The upcoming provincial budget in the context of falling oil prices looms large on the current Alberta radar. While no one can be sure what options the Premier is considering, further cuts to post-secondary education – while we are still dealing with the fallout of the 7.3% cut in 2013 – could be one of those options. If you have concerns about this possibility, or advice you would like to share concerning revenue, taxes, or other budgetary matters, I would encourage you to write to your MLA and/or directly to Premier Prentice. The quickest way to obtain contact information is through the Legislative Assembly website:  http://www.assembly.ab.ca/net/index.aspx?p=mla_home. The Alberta government is also inviting public input on the upcoming provincial budget through an online survey. The survey, which consists of 16 questions, will be available until February 28 and can be found at http://alberta.ca/Budget.cfm.
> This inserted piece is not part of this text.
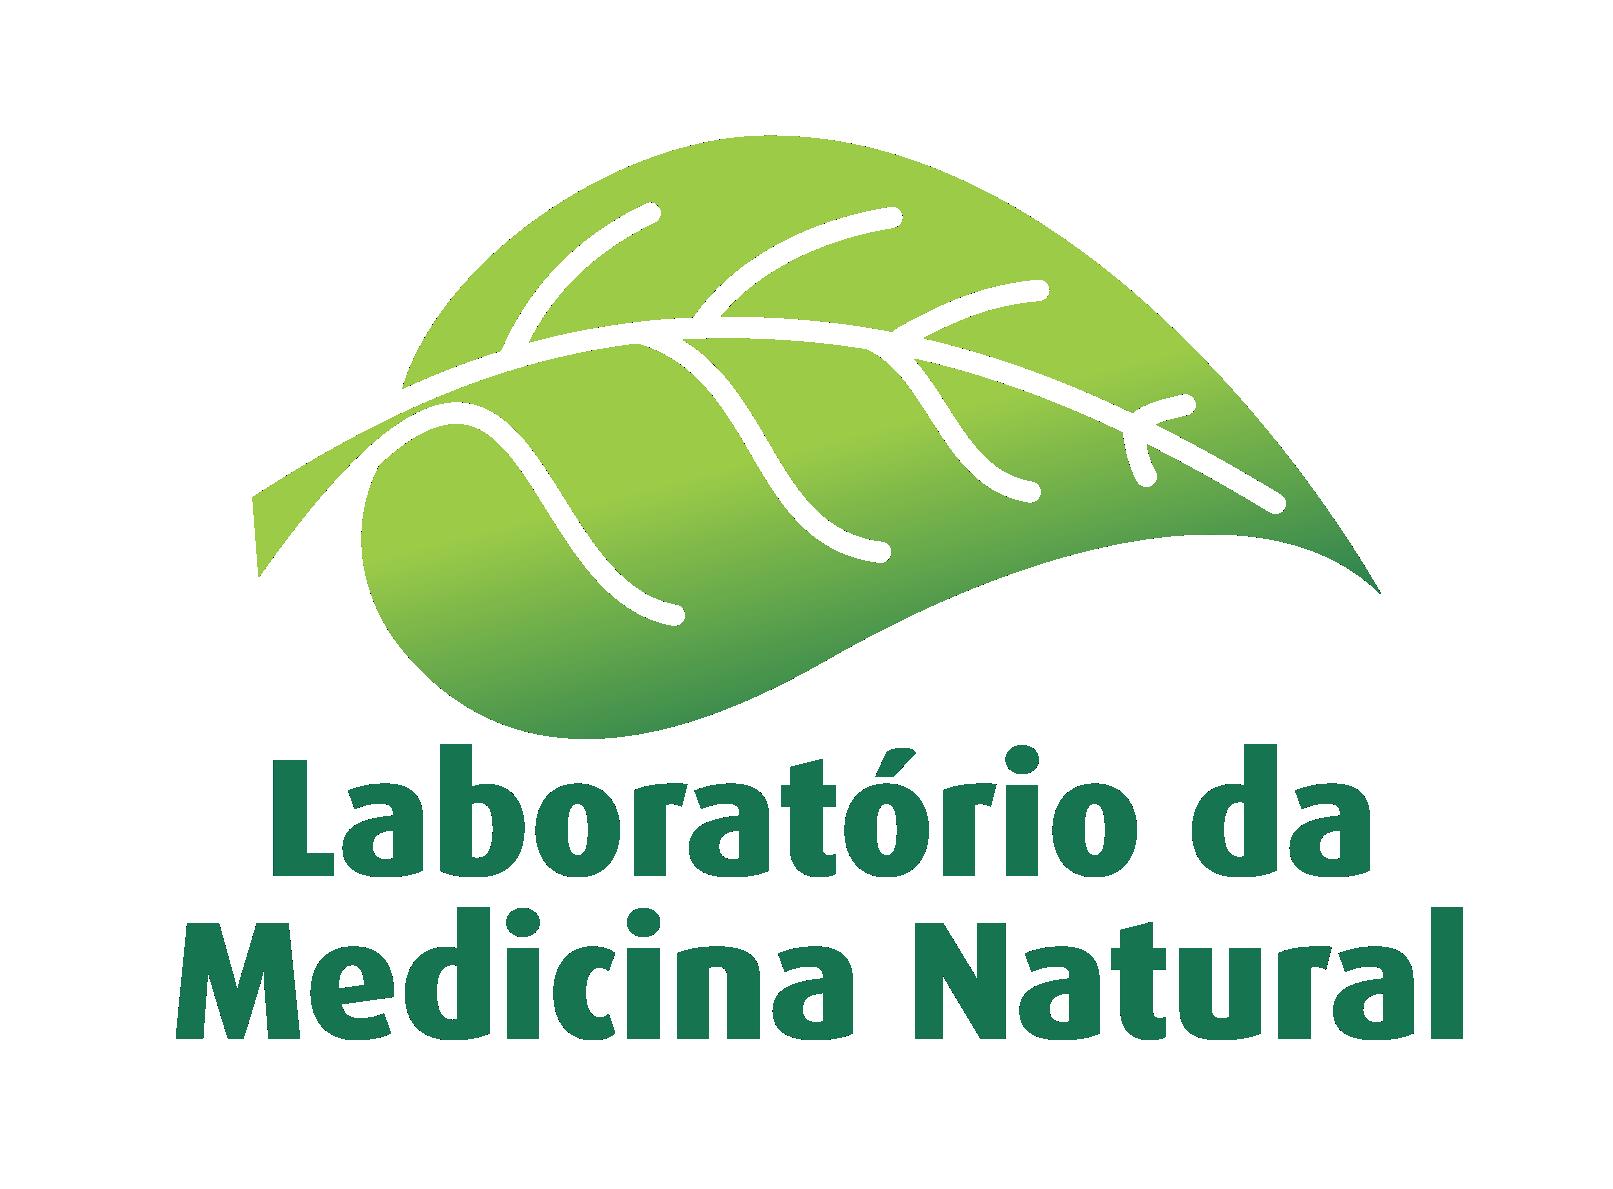 Laboratório da Medicina Natural

Note that over the past five years the only increase from the Alberta government to the base-operating grant for post-secondary institutions was 2% in 2012. The other years saw the base grow by zero (or decline by 7.3% as mentioned) while inflation continued to increase. Universities have been on a starvation diet, even though our institution and those like us are likely our province’s best hope for a diverse and sustainable economy (both through an educated workforce and research).

I was recently invited to make a presentation to the Alberta New Democrats during their provincial budget tour. My presentation, not surprisingly, focused on the lack of predictable and sustainable funding for post-secondary and the pressures the institution, students and academics could face because of this in the years ahead. The Faculty Association routinely voices its opinion to the provincial government directly or through the Confederation of Alberta Faculty Associations (CAFA) and welcomes any opportunity to provide its views to MLAs.

In January, together with roughly 50 other participants, I attended a two and a half day Forum for Faculty Association Presidents, hosted by the Canadian Association of University Teachers (CAUT). A few highlights from the forum include Sylvain Schetagne’s (CAUT, Director of Research and Advocacy) analysis of the austerity policy that seems to dominate current provincial, national, and international politics and its effects on the post-secondary sector. One panel and open discussion was devoted to collegial governance and struggles to maintain an appropriate balance between managerial and academic decision-making. Some interesting food for thought concerning the corporatization of universities can be found in this position paper, “Circulation in the New University,” which is a critique of the (prevalent) U of Michigan model of running university: https://libcom.org/library/circulation-new-university-reclamations-journal. The main argument is that under this corporate model, universities become a point of circulation for other people’s investments and circulating financial capital gradually becomes central to the university’s core mission. Finally, as part of the panel entitled “Universities and Colleges go to Market: Exploring the impact of commercialization and corporatization,” I gave a well-received presentation about our (so far) successful thwarting of our senior leadership team’s attempt to commit to a third-party contract to reach internationalization goals.